Note how price action gets close to the 76.4% line but doesn’t reach it. This line is not derived by a Fibonacci ratio, simply it is 1 – 23.6% and is often used in a Fibonacci Retracement to give another layer as the distance from 61.8% to 100% is quite large. Both Ichimoku and 23.6% Fibonacci line need to be broken for the Bull trend to continue, creating a strong area of resistance and a strong indicator if the level is broken.
A Fibonacci Cluster is made by creating layers of Fibonacci lines, this is done by drawing various trend lines at key reversal points on a chart.

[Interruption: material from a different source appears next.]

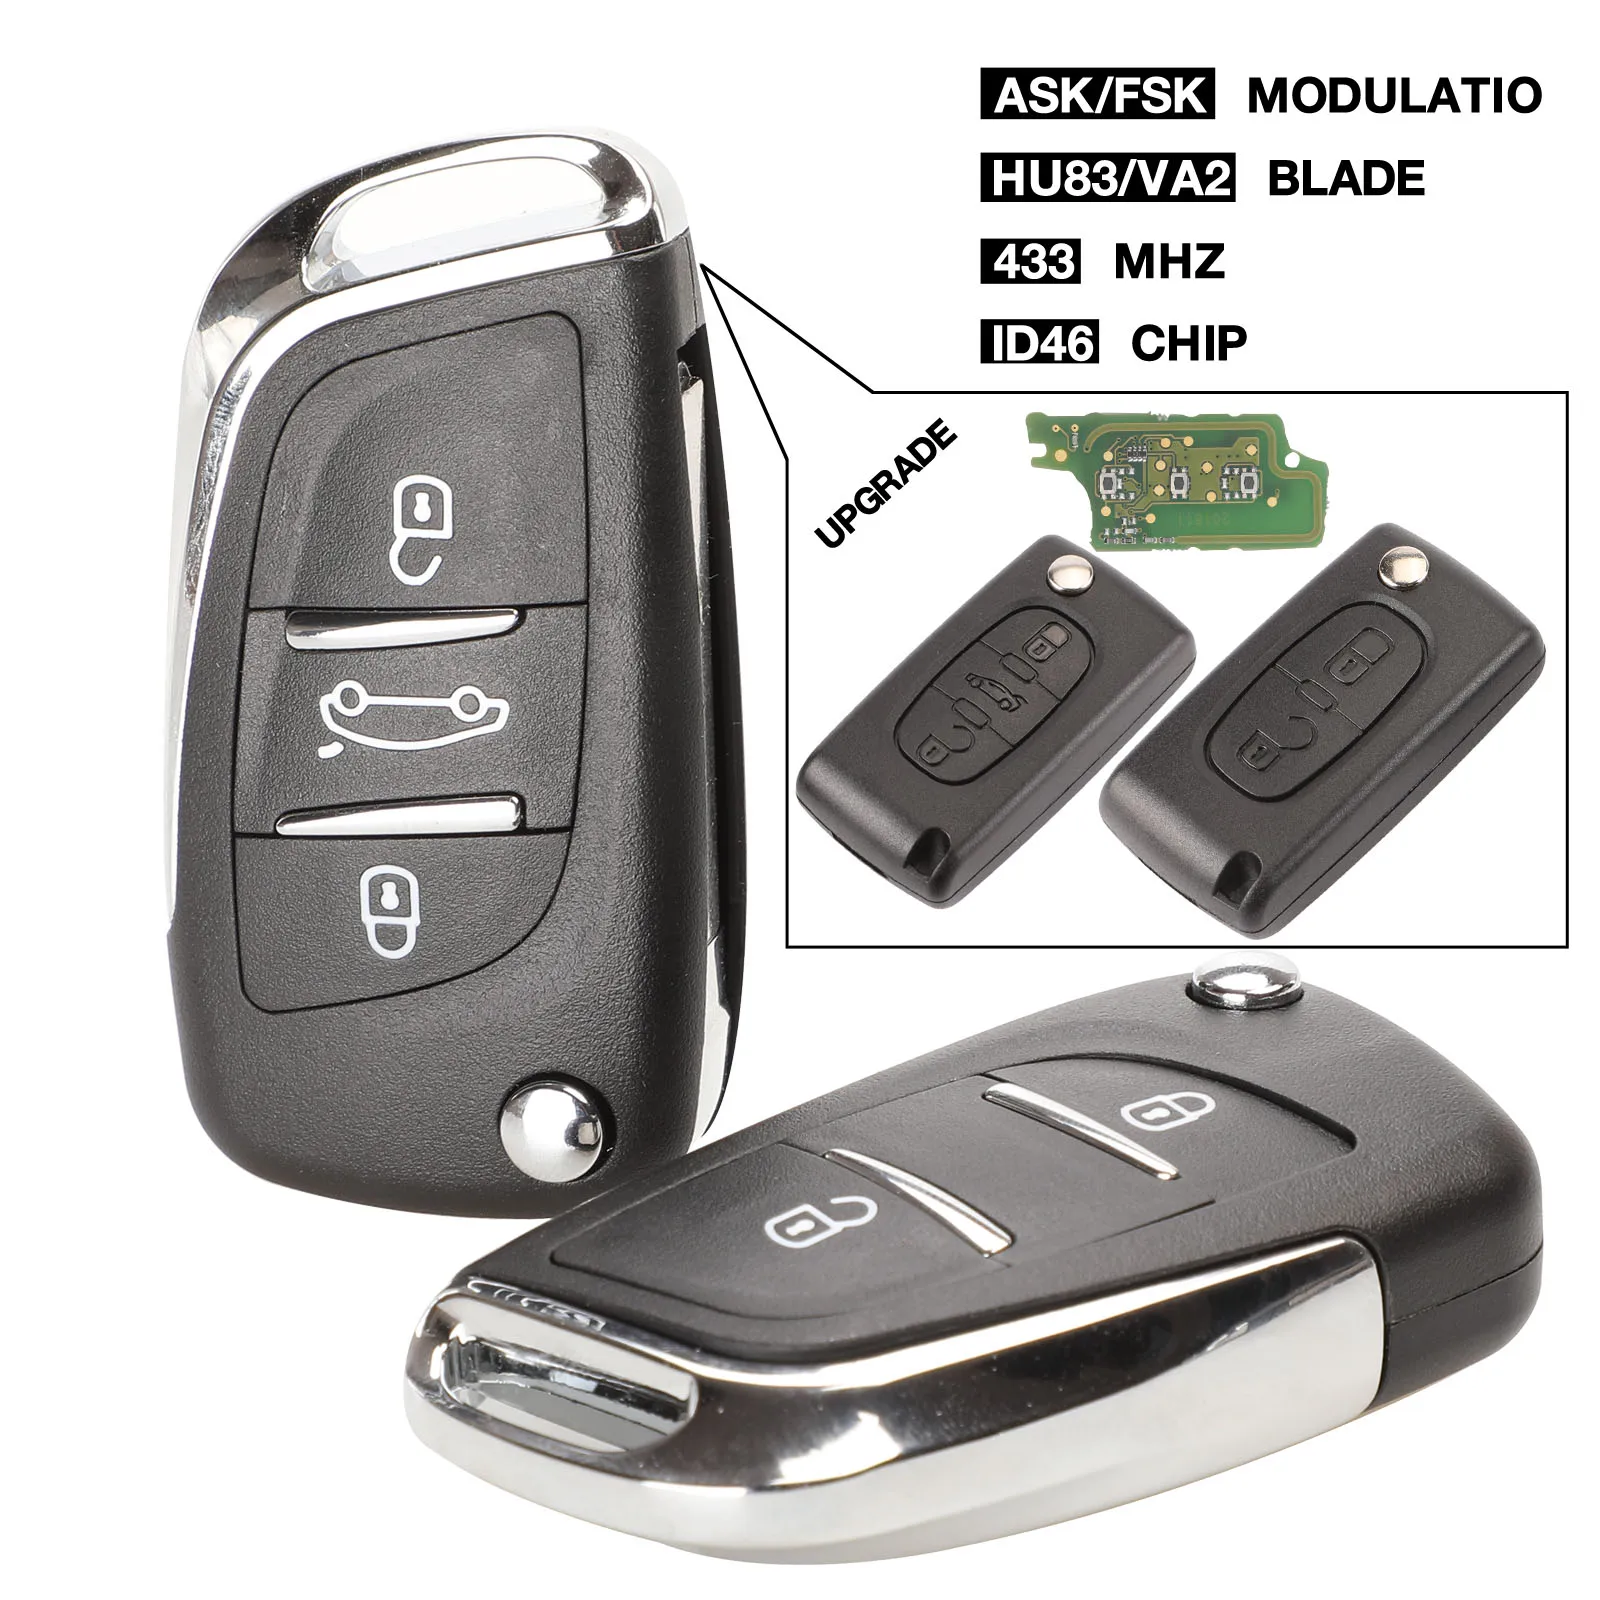 jingyuqin ASK/FSK 433MHz ID46 Chip CE0523 Modified Flip Remote Key Fob for Peugeot 307 407 607 HU83/ VA2 Blade 2 3 Button Key

In the example below you can see three different trend lines, AB, CD and EF which create three different sets of retracement lines. Where lines overlap or are very close together will create stronger resistance and support levels. This may be repeated with a Fibonacci Extension or Fan to obtain the same type of result.
- Fibonacci numbers are calculated using
Fn = Fn-1 + Fn-2
- Most important numbers are 38.2%, 50.0%, 61.8%
- Identify key levels of support and resistance
- Find how deep a retracement may occur
- Find how long an extension may occur
- Don not use Fibonacci numbers on their own
- More clusters mean these areas will show stronger support and resistance levels
- You are going to identify an existing Fibonacci extension
- Open Meta Trader 4 on the AUD/USD, H1 chart
- Scroll to 13 May 2015
- Find the initial downwards Fibonacci trend
- Draw your Fibonacci lines and see if the price bounces around
- Identify another Fibonacci line further down in the trend
- Do you notice any areas of confluence? (Multiple Fibonacci lines in one place)
Bonus: Try to find any other technical indicators that could help you decide whether there are points that have strong resistance or support.